Agent Output Truncated Mid-Sentence — max_tokens Too Low

Symptom

Code generation stops in the middle of a function body
Essay ends mid-paragraph with no conclusion
JSON output is missing the closing } — downstream parse fails
Agent says “Here is the full report:” then delivers only the first 3 sections
stop_reason is max_tokens not end_turn — agent hit the limit, not a natural stop
Agent doesn’t mention the truncation — caller assumes response is complete

Root Cause

max_tokens is set too low for the task at hand. The API enforces the limit by stopping generation, returning stop_reason: "max_tokens". Unlike natural completion (end_turn), the model doesn’t know it’s about to be cut off — it cannot add “continued…” or wrap up gracefully. The caller receives a partial response with no obvious indicator of truncation unless they check stop_reason.

Fix

Option 1: Always check stop_reason and handle truncation

import anthropic

client = anthropic.Anthropic()

def call_with_truncation_check(
    messages: list,
    system: str = "",
    max_tokens: int = 4096
) -> dict:
    """
    Call API and explicitly check for truncation.
    Returns response with truncation flag so caller can handle it.
    """
    response = client.messages.create(
        model="claude-sonnet-4-6",
        system=system,
        messages=messages,
        max_tokens=max_tokens
    )

    text = response.content[0].text
    stop_reason = response.stop_reason
    was_truncated = stop_reason == "max_tokens"

    if was_truncated:
        print(
            f"WARNING: Response truncated at {max_tokens} tokens. "
            f"Output may be incomplete. "
            f"Consider increasing max_tokens or splitting the task."
        )

    return {
        "text": text,
        "stop_reason": stop_reason,
        "truncated": was_truncated,
        "usage": {
            "input_tokens": response.usage.input_tokens,
            "output_tokens": response.usage.output_tokens
        }
    }

result = call_with_truncation_check(
    messages=[{"role": "user", "content": "Write a full report on Q4 metrics"}],
    max_tokens=1024  # Might be too low for a full report
)

if result["truncated"]:
    raise ValueError(f"Response incomplete — increase max_tokens above {1024}")

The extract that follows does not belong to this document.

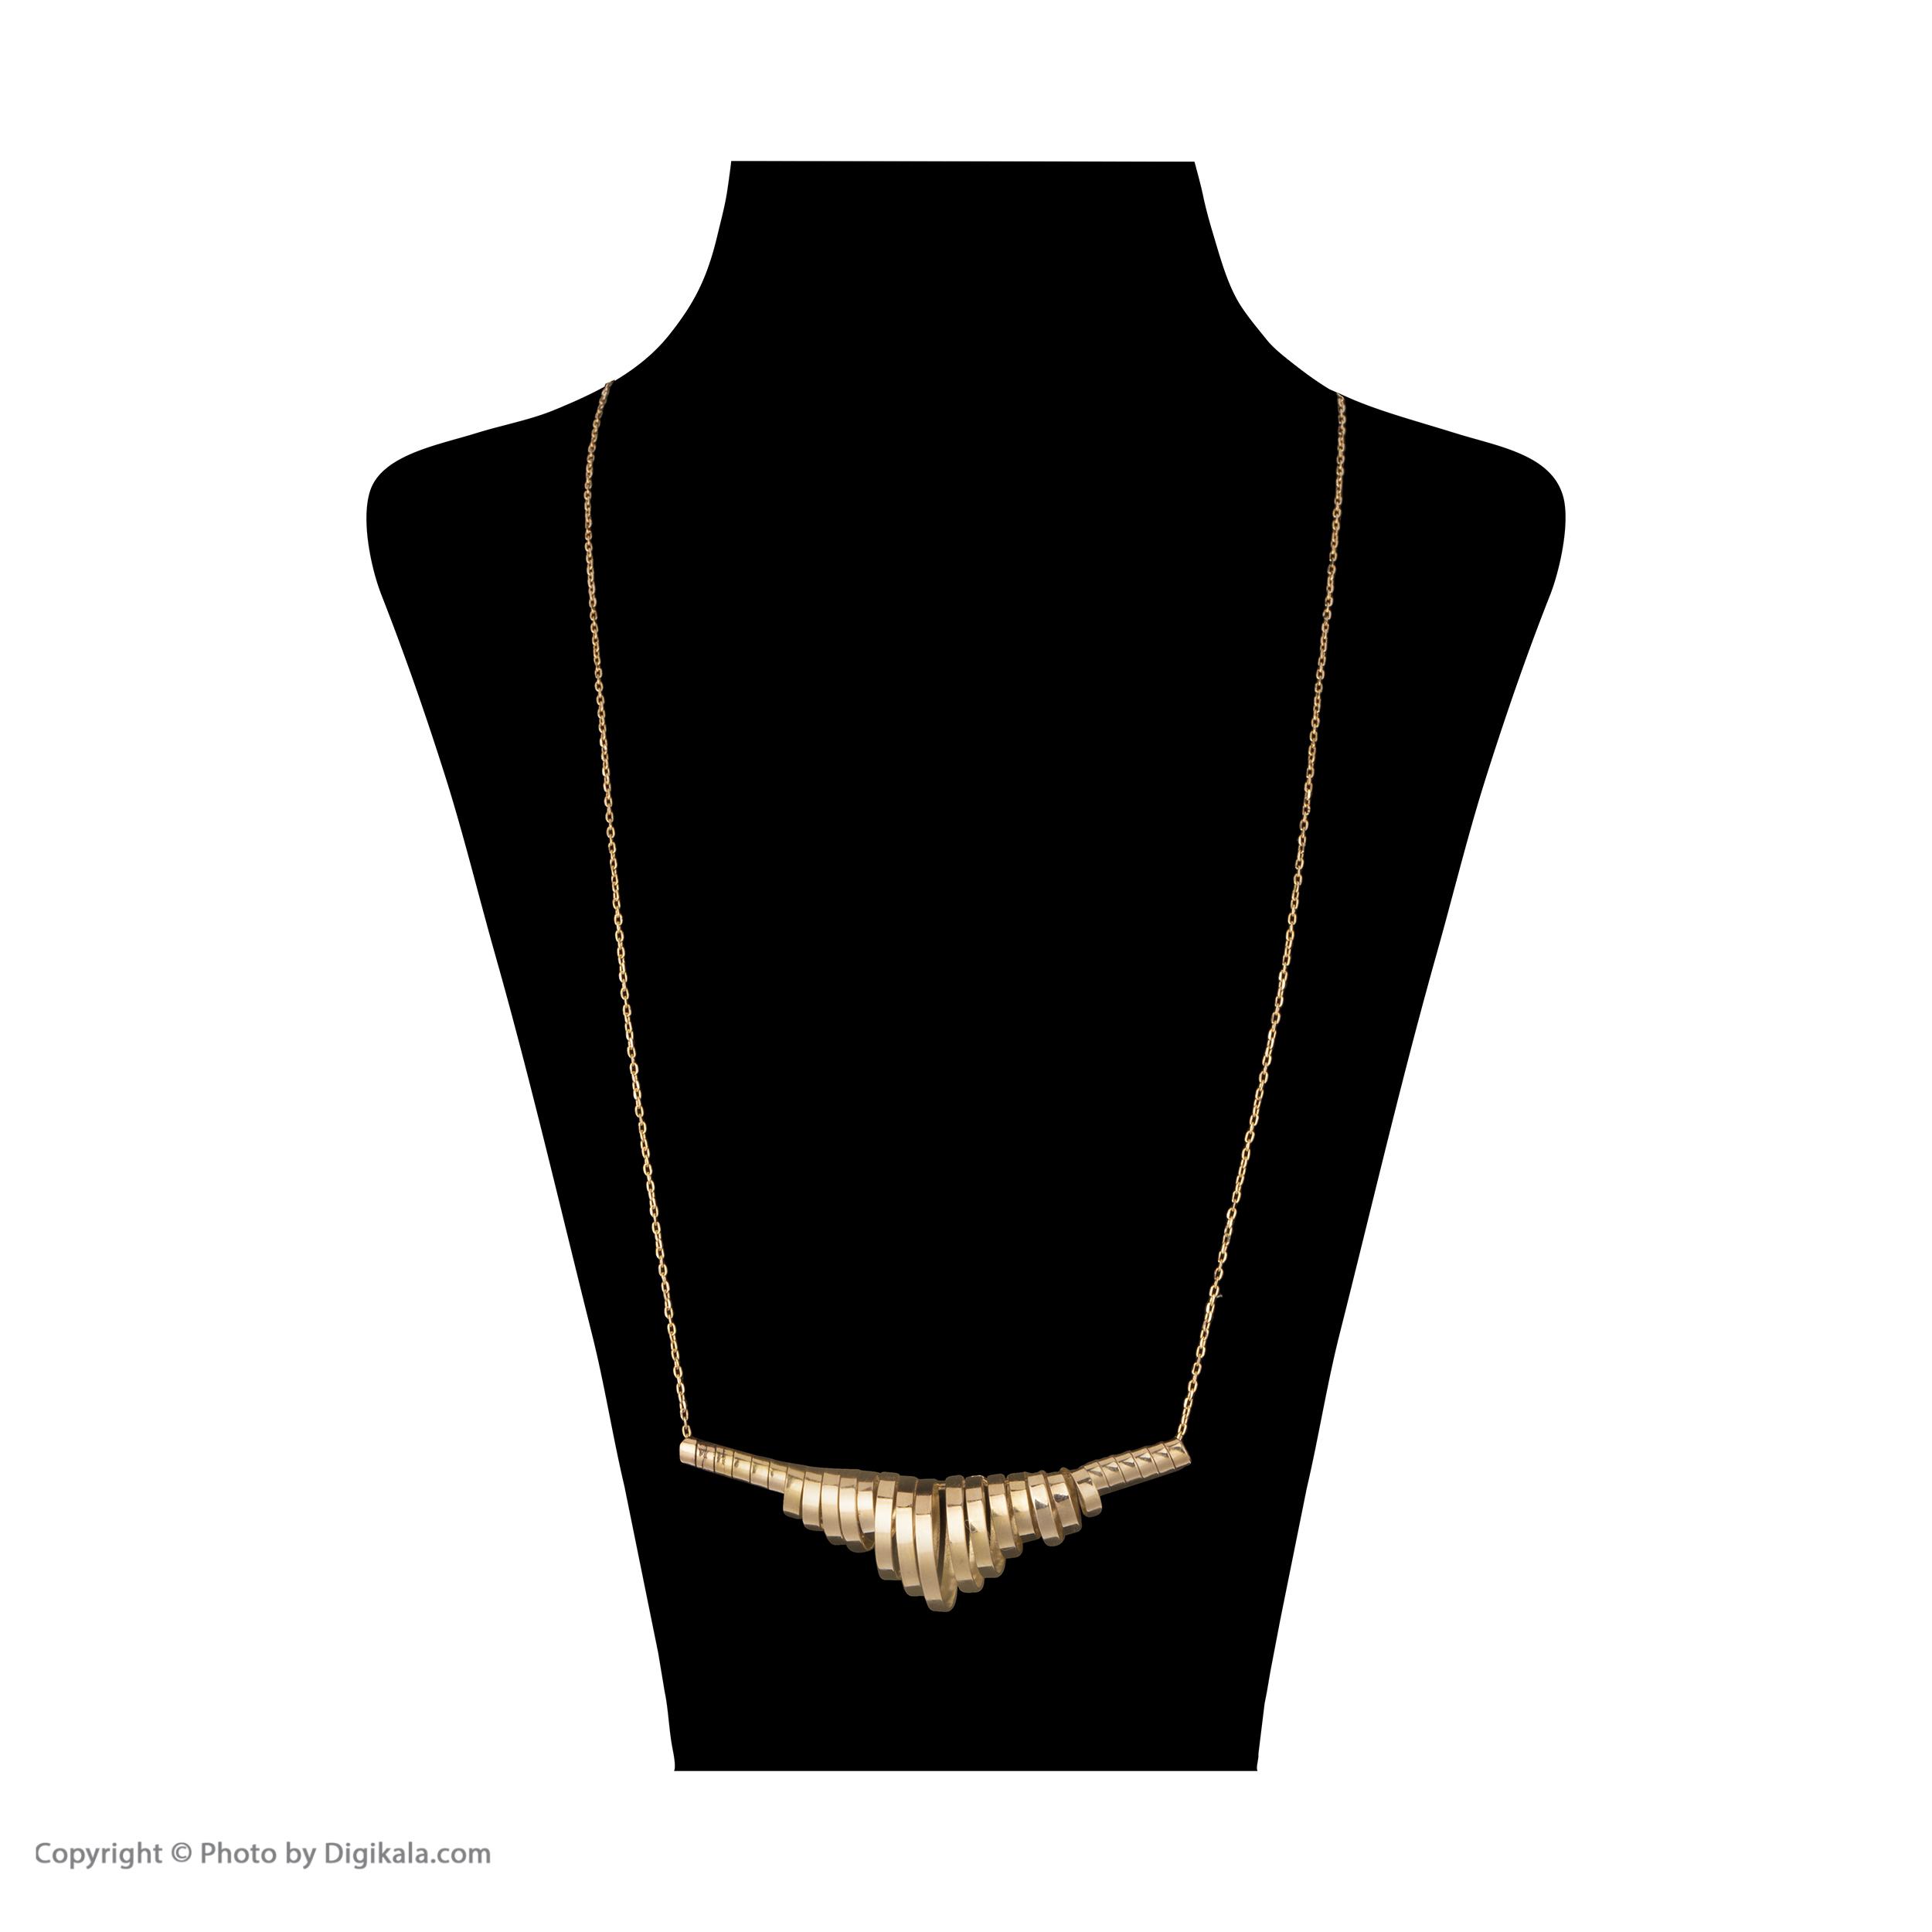 گردنبند طلا 18 عیار زنانه سنجاق مدل X071304 -  - 2

Option 2: Automatic continuation when truncated

async def call_with_continuation(
    messages: list,
    system: str = "",
    max_tokens: int = 4096,
    max_continuations: int = 3
) -> str:
    """
    If response is truncated, automatically continue from where it left off.
    Assembles the full response from multiple calls.
    """
    full_text = ""
    current_messages = list(messages)

    for continuation in range(max_continuations + 1):
        response = await client.messages.create(
            model="claude-sonnet-4-6",
            system=system,
            messages=current_messages,
            max_tokens=max_tokens
        )

        chunk = response.content[0].text
        full_text += chunk

        if response.stop_reason != "max_tokens":
            # Natural completion — done
            if continuation > 0:
                print(f"Completed after {continuation} continuation(s)")
            return full_text

        if continuation == max_continuations:
            print(f"Hit max {max_continuations} continuations — returning partial")
            return full_text

        # Append response and ask to continue
        current_messages = current_messages + [
            {"role": "assistant", "content": chunk},
            {"role": "user", "content": "Continue from where you left off."}
        ]
        print(f"Continuation {continuation + 1}/{max_continuations}...")

    return full_text

# Usage:
full_report = await call_with_continuation(
    messages=[{"role": "user", "content": "Write a full implementation of X"}],
    max_tokens=2048,      # Per-call limit
    max_continuations=3   # Allow up to 3 continuations
)

Option 3: Set max_tokens based on task type

# Map task types to appropriate token budgets
TOKEN_BUDGETS = {
    "classification":        50,    # "positive" or "negative"
    "yes_no":                30,
    "short_answer":         200,
    "paragraph":            500,
    "summary":              400,
    "code_snippet":        1000,
    "full_function":       2000,
    "full_module":         8000,
    "essay":               3000,
    "report":              5000,
    "full_document":      20000,
}

def get_max_tokens(task_type: str, safety_margin: float = 1.5) -> int:
    """
    Get appropriate max_tokens for a task type.
    Safety margin ensures we don't cut off at exactly the expected length.
    """
    base = TOKEN_BUDGETS.get(task_type, 2048)
    return int(base * safety_margin)

# Usage:
response = client.messages.create(
    model="claude-sonnet-4-6",
    messages=[{"role": "user", "content": prompt}],
    max_tokens=get_max_tokens("full_function")  # → 3000
)

Option 4: Validate structured output completeness

import json
import re

def validate_completeness(text: str, expected_format: str) -> tuple[bool, str]:
    """
    Check if truncated output is structurally complete.
    Returns (is_complete, reason).
    """
    text = text.strip()

    if expected_format == "json":
        try:
            json.loads(text)
            return True, "Valid JSON"
        except json.JSONDecodeError as e:
            return False, f"Invalid JSON (likely truncated): {e}"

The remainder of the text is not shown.